__RECORDED INFORMATION__.
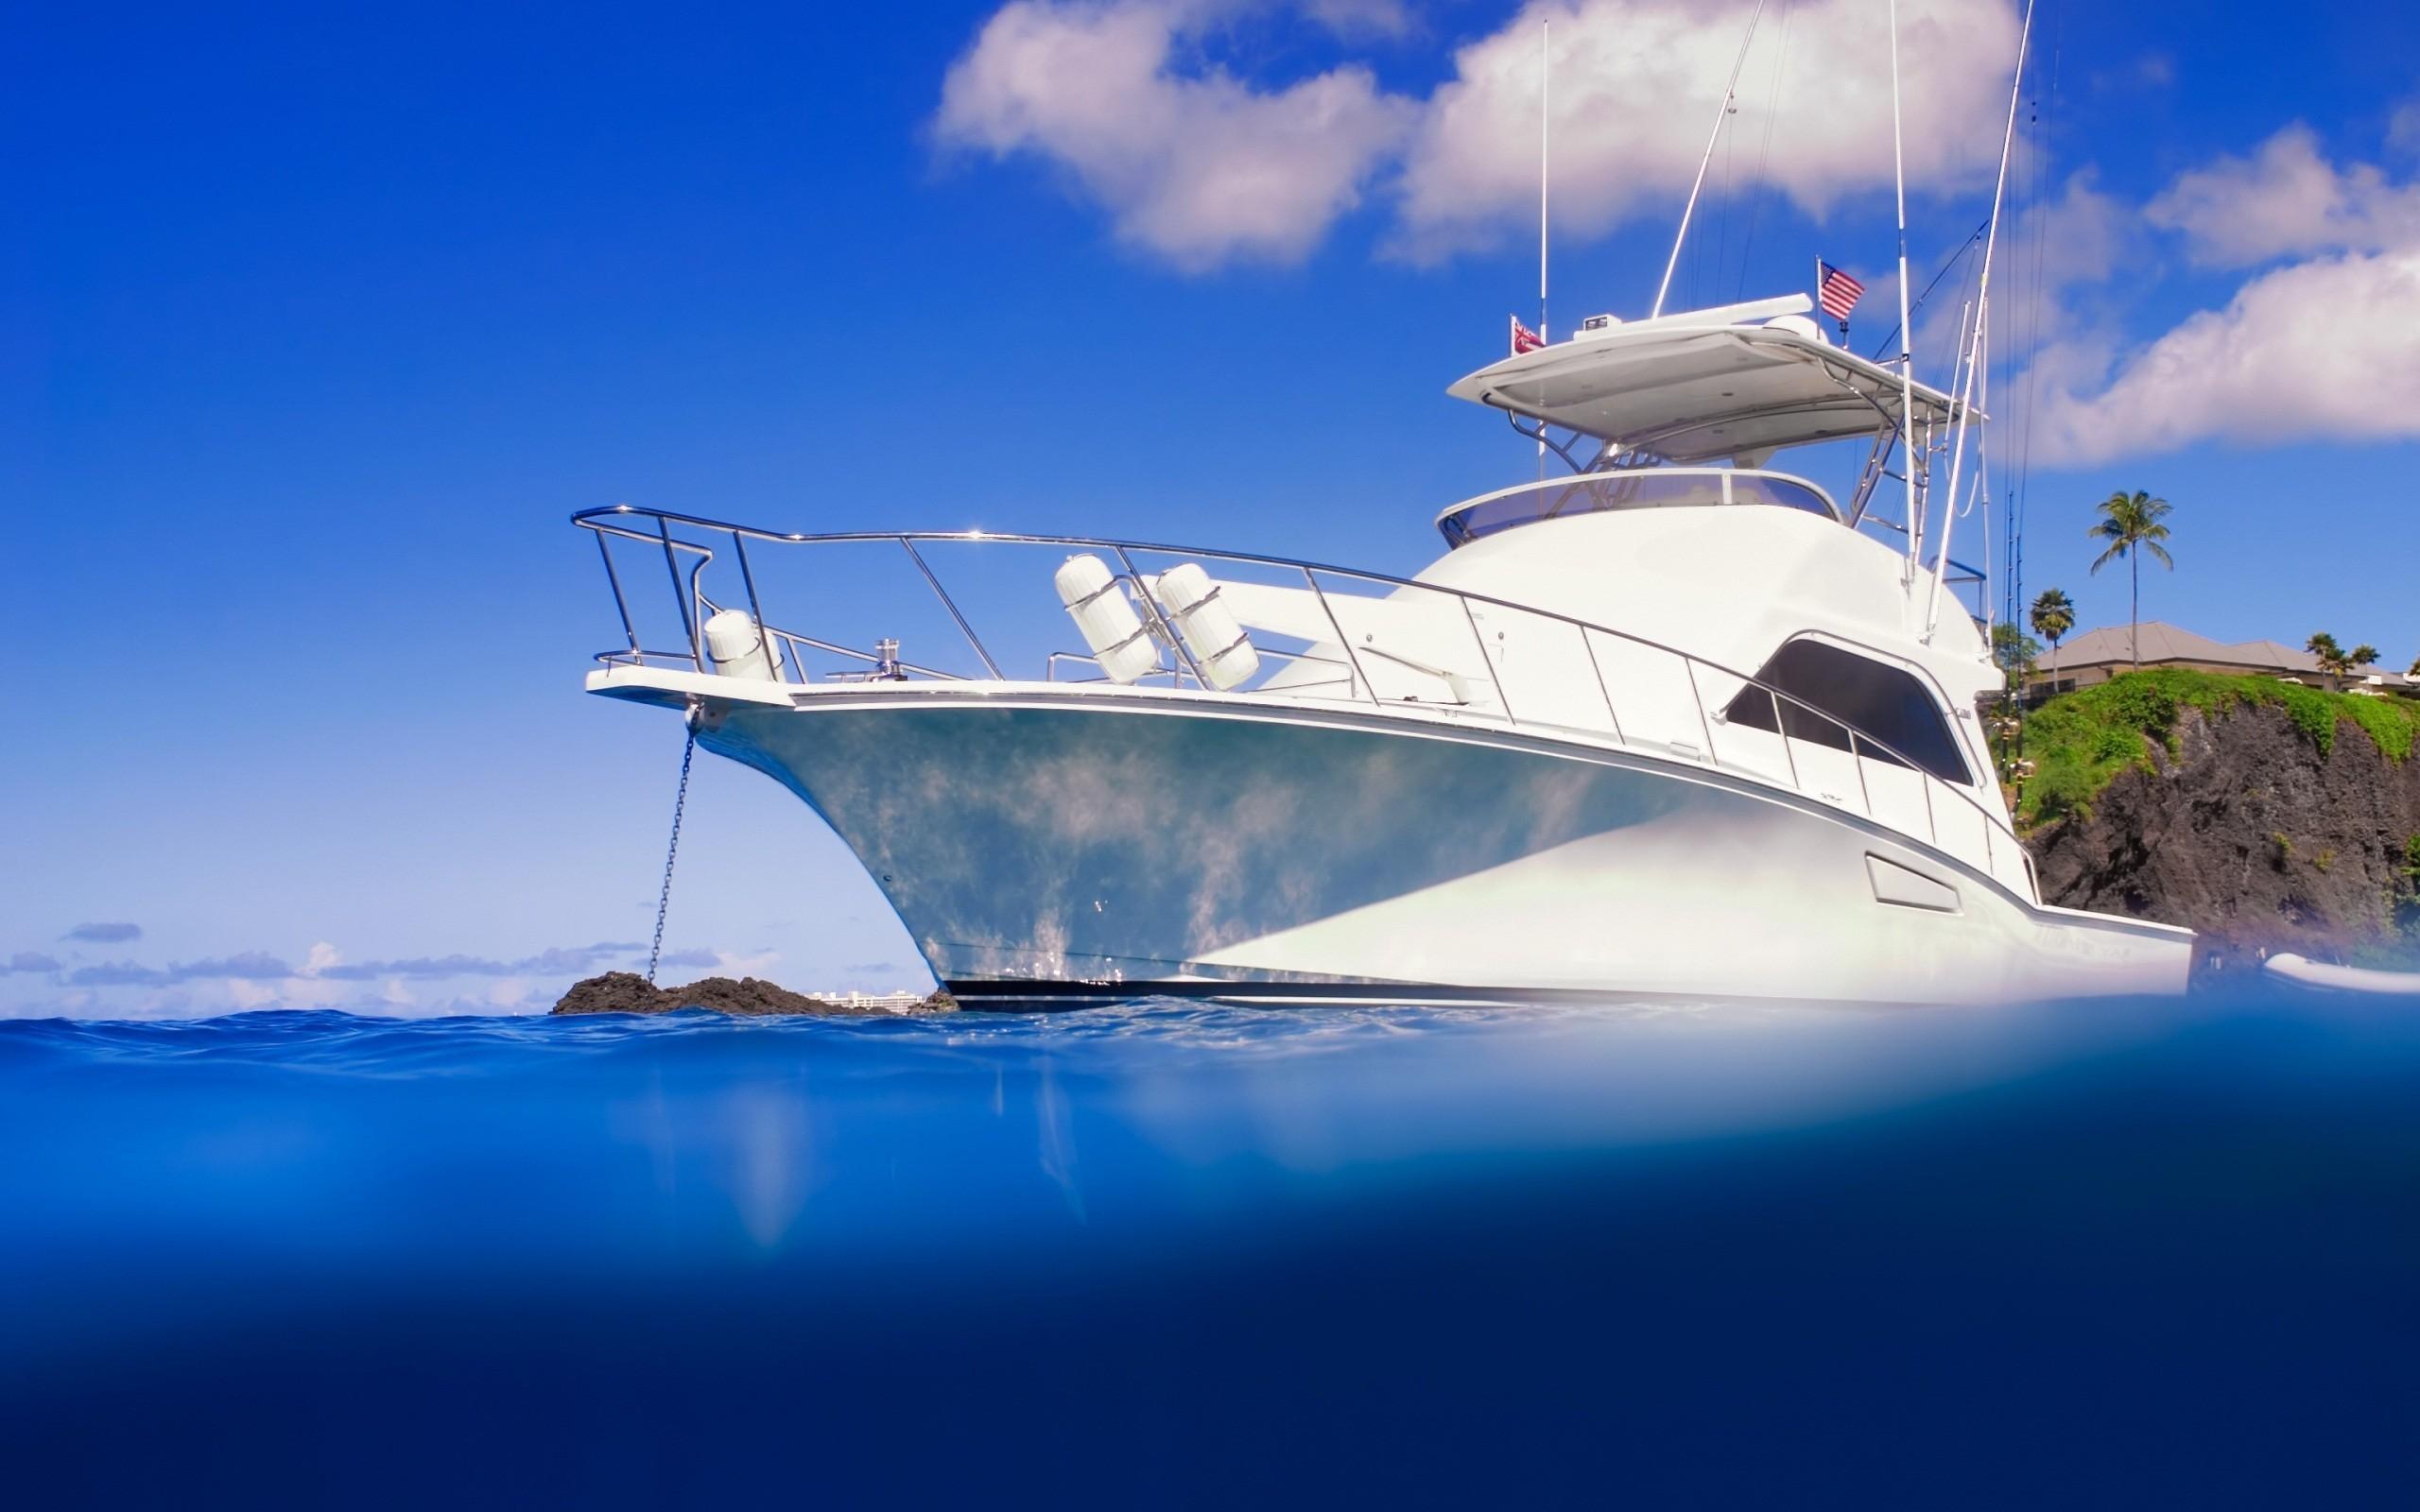 42909 Заставки и Обои Яхты на телефон. Скачать Транспорт, Яхты картинки бесплатно
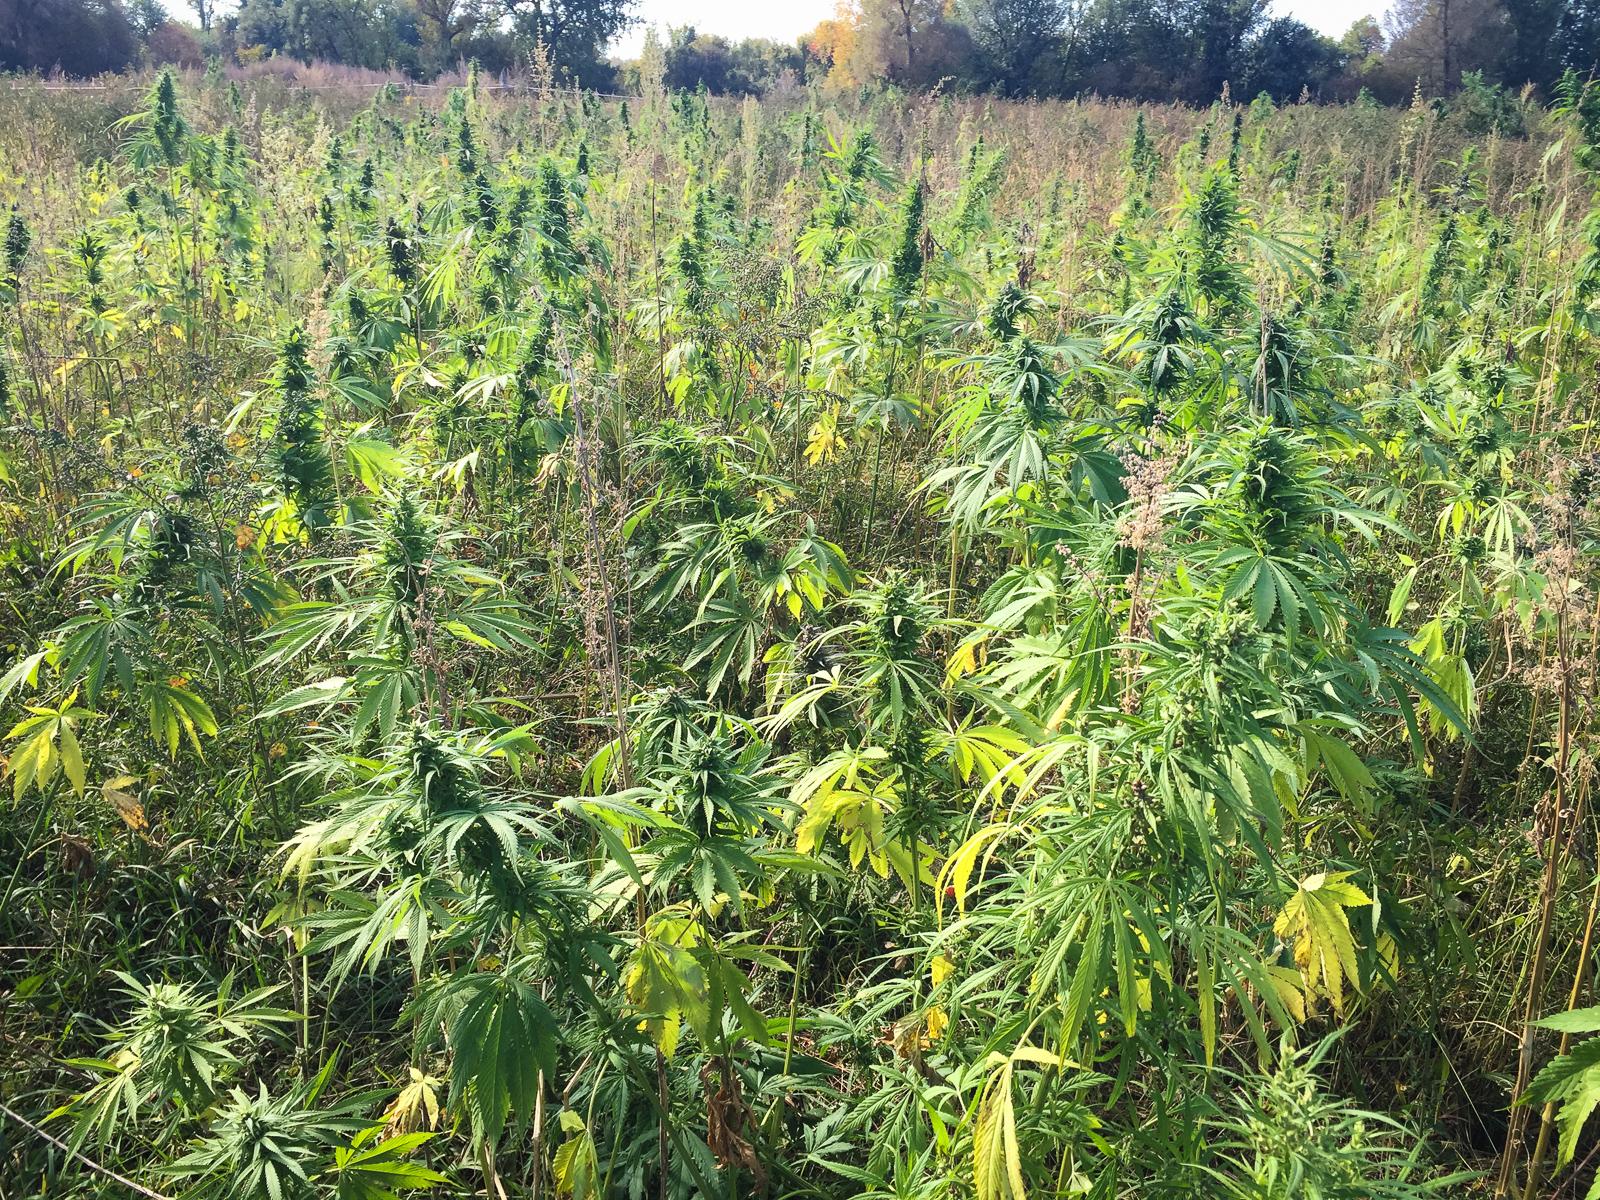 Конопля дальневосточная марихуана особо крупное количество
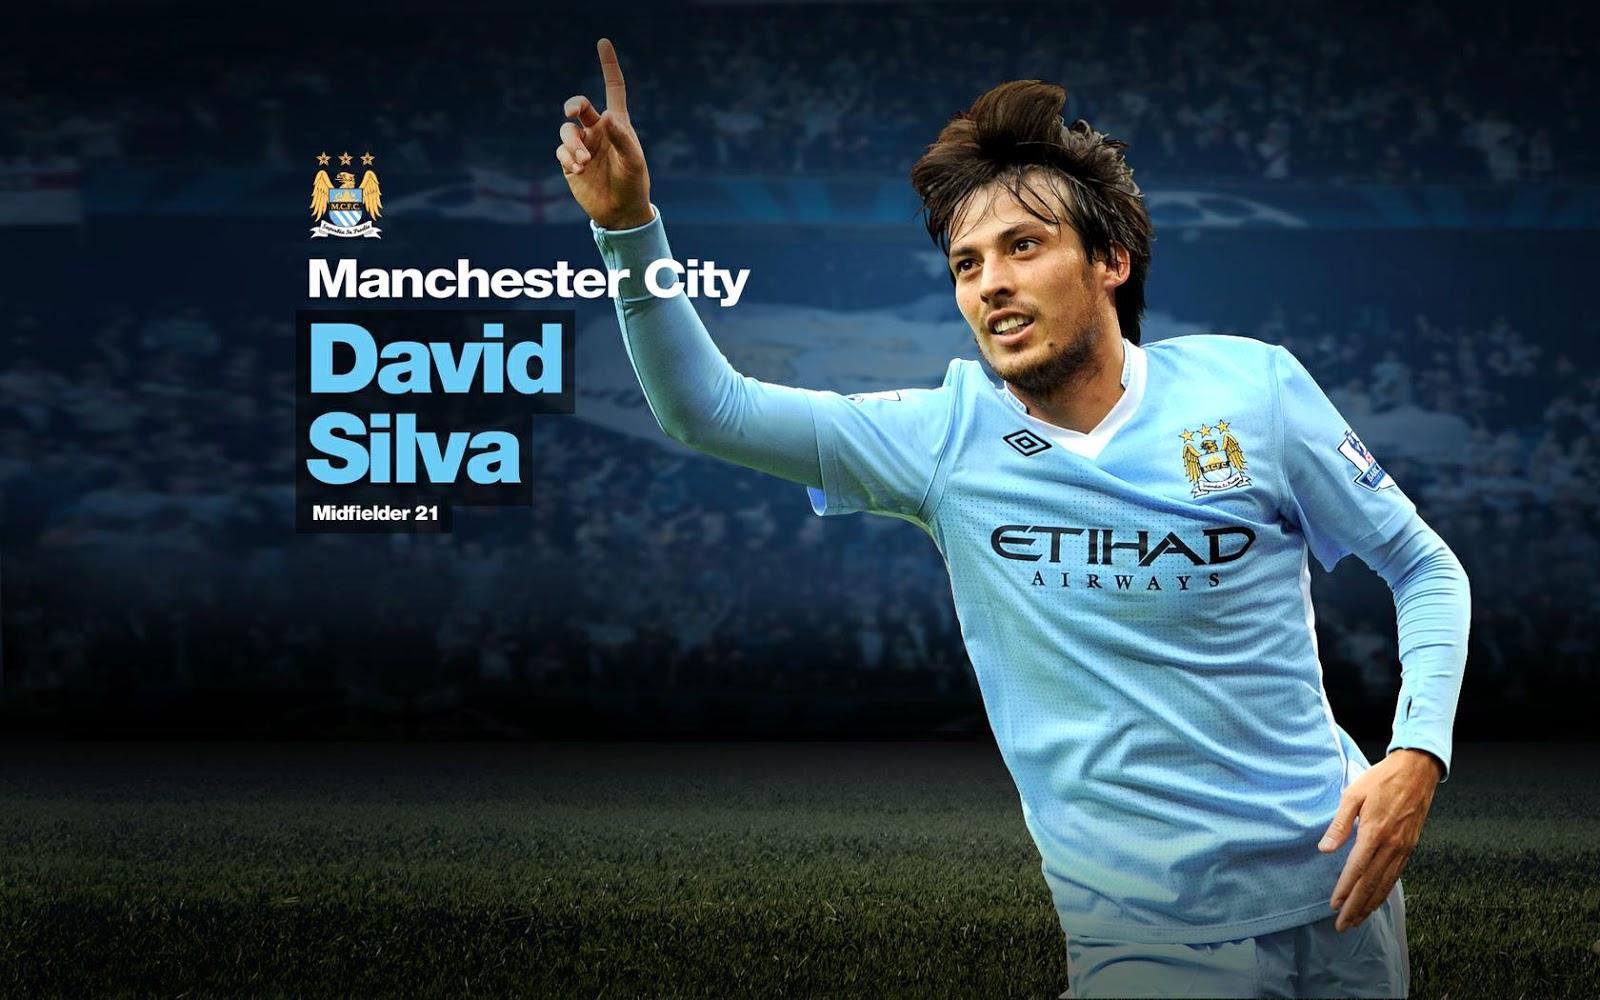 Hình Nền Manchester City Full HD Free Download

__BRIEF__. The copy should hold, exactly, the lines from the one containing "Конопля дальневосточная марихуана" to the final line of the listing above, with both ends present and no pictures.

__EXERCISE RESPONSE__.
 Конопля дальневосточная марихуана особо крупное количество
 Hình Nền Manchester City Full HD Free Download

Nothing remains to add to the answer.